Using photos of one group of people as a warning to others can also be morally perplexing. For example, to attempt to prevent a self-destructive behavior, would it be ok to go into a hospital and, without the subjects' knowledge, take photos of people suffering from drug abuse, STD's, smoking, careless driving, or neglected diabetes? If not, would your answer be based on their location, that a hospital is a special place for privacy?
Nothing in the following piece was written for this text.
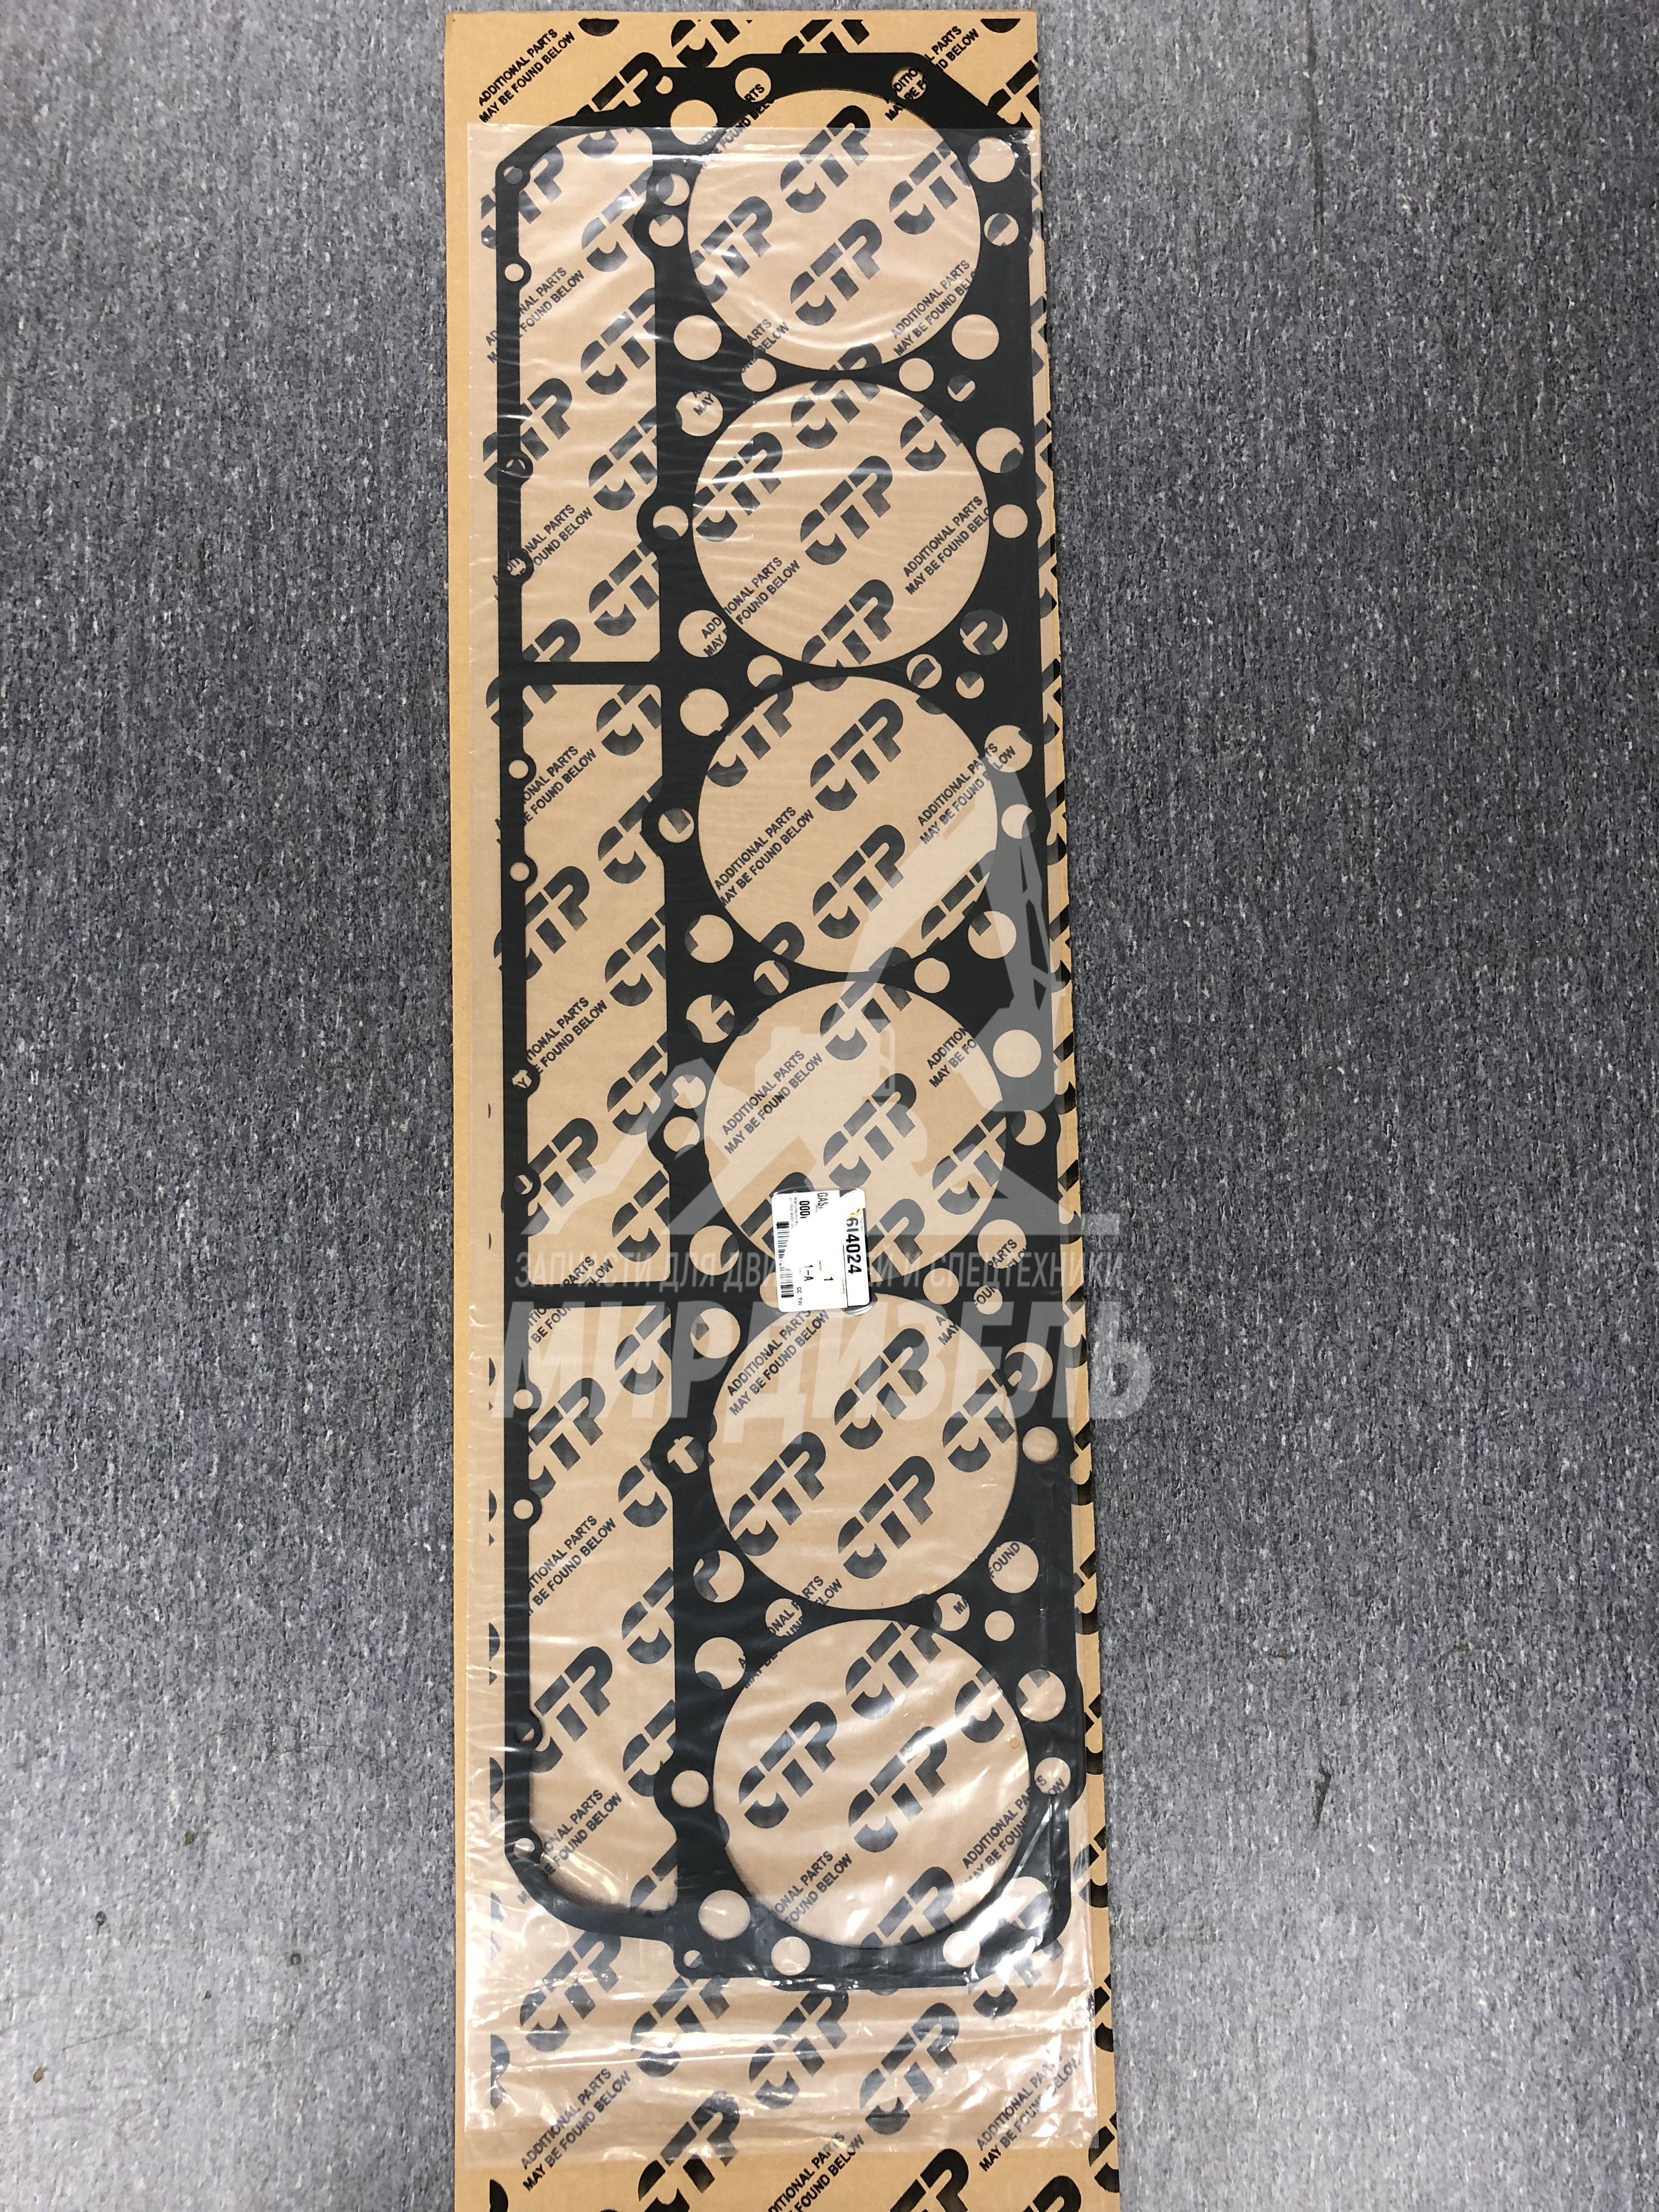 Прокладка платы ГБЦ 6I-4024 (6I4024 Caterpillar)
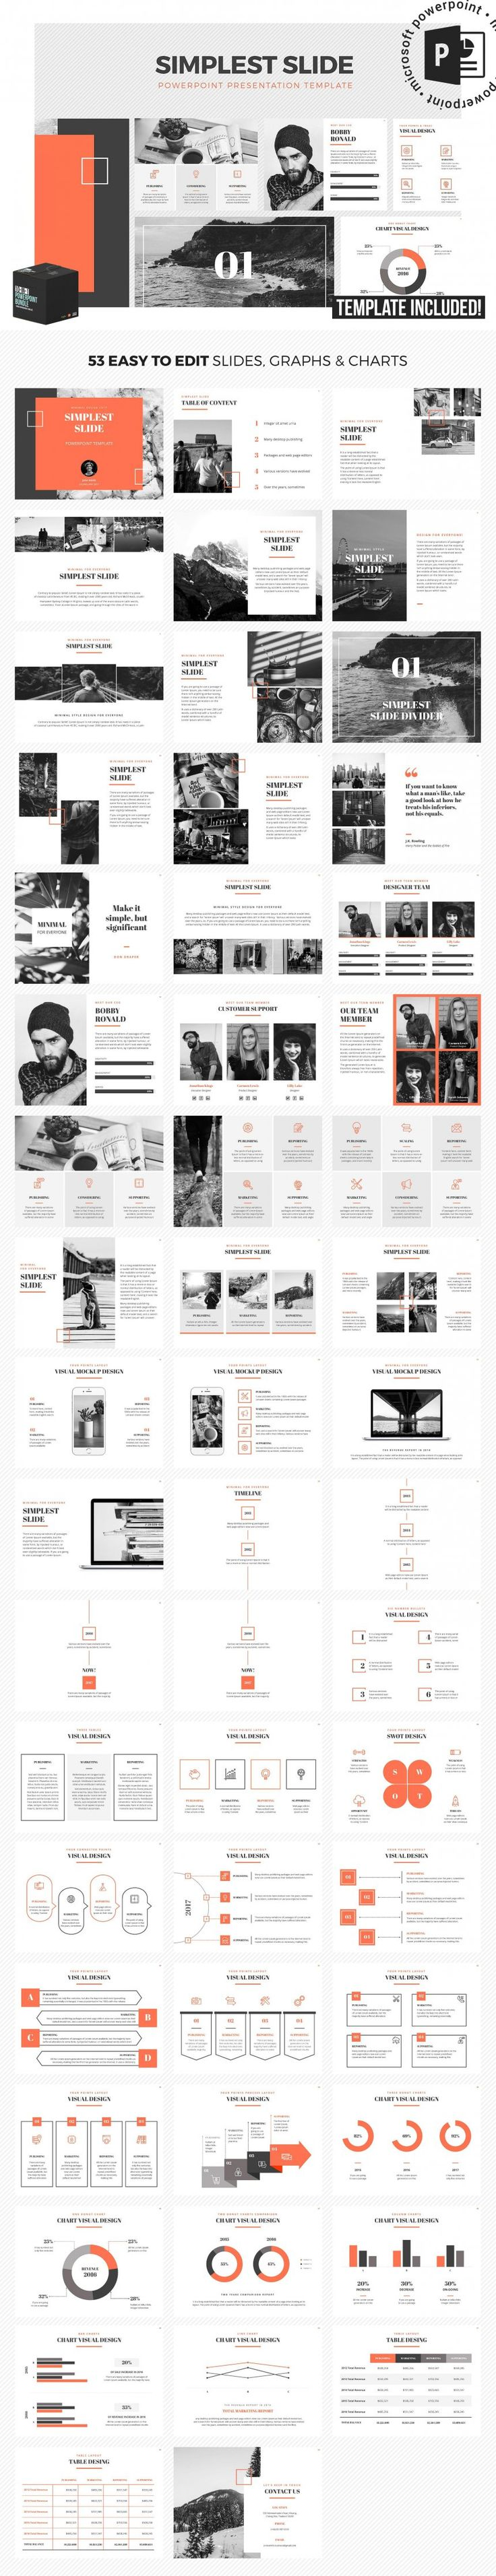 10 Creative And Professional PowerPoint Templates (Plus Bonuses!) | MyDesignDeals

Then what of the photographer whose motive is to save lives of young people by taking pictures of drug addicts languishing in a public park or on a sidewalk? Is this ok because the suffering occurs in a public space? Is it ok to take pictures of a toothless, lesion-riddled amphetamine addict who happens to be dozing with mouth open if the purpose is to "scare straight," for example? (In other words to use the sad images to frighten the viewer into avoiding destructive behavior.)

Finally, even trickier moral issues do arise for some photographers and their audience when the purpose of a photo is purely artistic, where the subject becomes no more important to the photographer than a bird or an interesting found still-life. I do not feel comfortable with such work even when the subject has been paid a nominal fee, especially when the "artiste" receives accolades for images made with thousands of dollars worth of equipment and a "tip" worth the price of a cup of coffee to the desperate subject. 

Also I do see street-photography as a sport (akin to birds-in-flight) as a somewhat coldblooded objectification of human beings.

No, I don't think pleasuring the egos of the artist, the viewer, or the curator to justify using unknowing (and perhaps unwilling) human subjects.

On the other hand, in most places in the USA, street photography is completely legal, and if remaining within the law satisfies ones conscience, who are we to condemn?

Surapon: Glad to see you back and, once again, posting provocatively!


----------



## Quasimodo (Apr 20, 2015)

If it is indeed a homeless person, or picturing extreem poverty, I think one has to a certain degree an ethical responsibility to take the shot. Homelessness and poverty are societal problems, and in our visually communicated lives, we need those type of Pictures to address inequality. In the Picture you posted, the face was not present, so It would not be an issue either way. 

just my two cents

G.


----------



## AcutancePhotography (Apr 20, 2015)

To me it is a question of empathy.

How much does the photographer care about the feelings of the subject?

There are some photographers who seem to have no empathy for their subject. If the photographer wants to take the photograph that's all that's important to the photographer. "It is all about me and what *I* want". 

There are more people in society than just the photographer. 

This is one of the many reasons I don't do, and would not be good at, street photography. I am always concerned with the feelings of the subject and realize that they may not want me, or anyone else, to take their photograph. Why would I want to do something that may make someone else unhappy or uncomfortable?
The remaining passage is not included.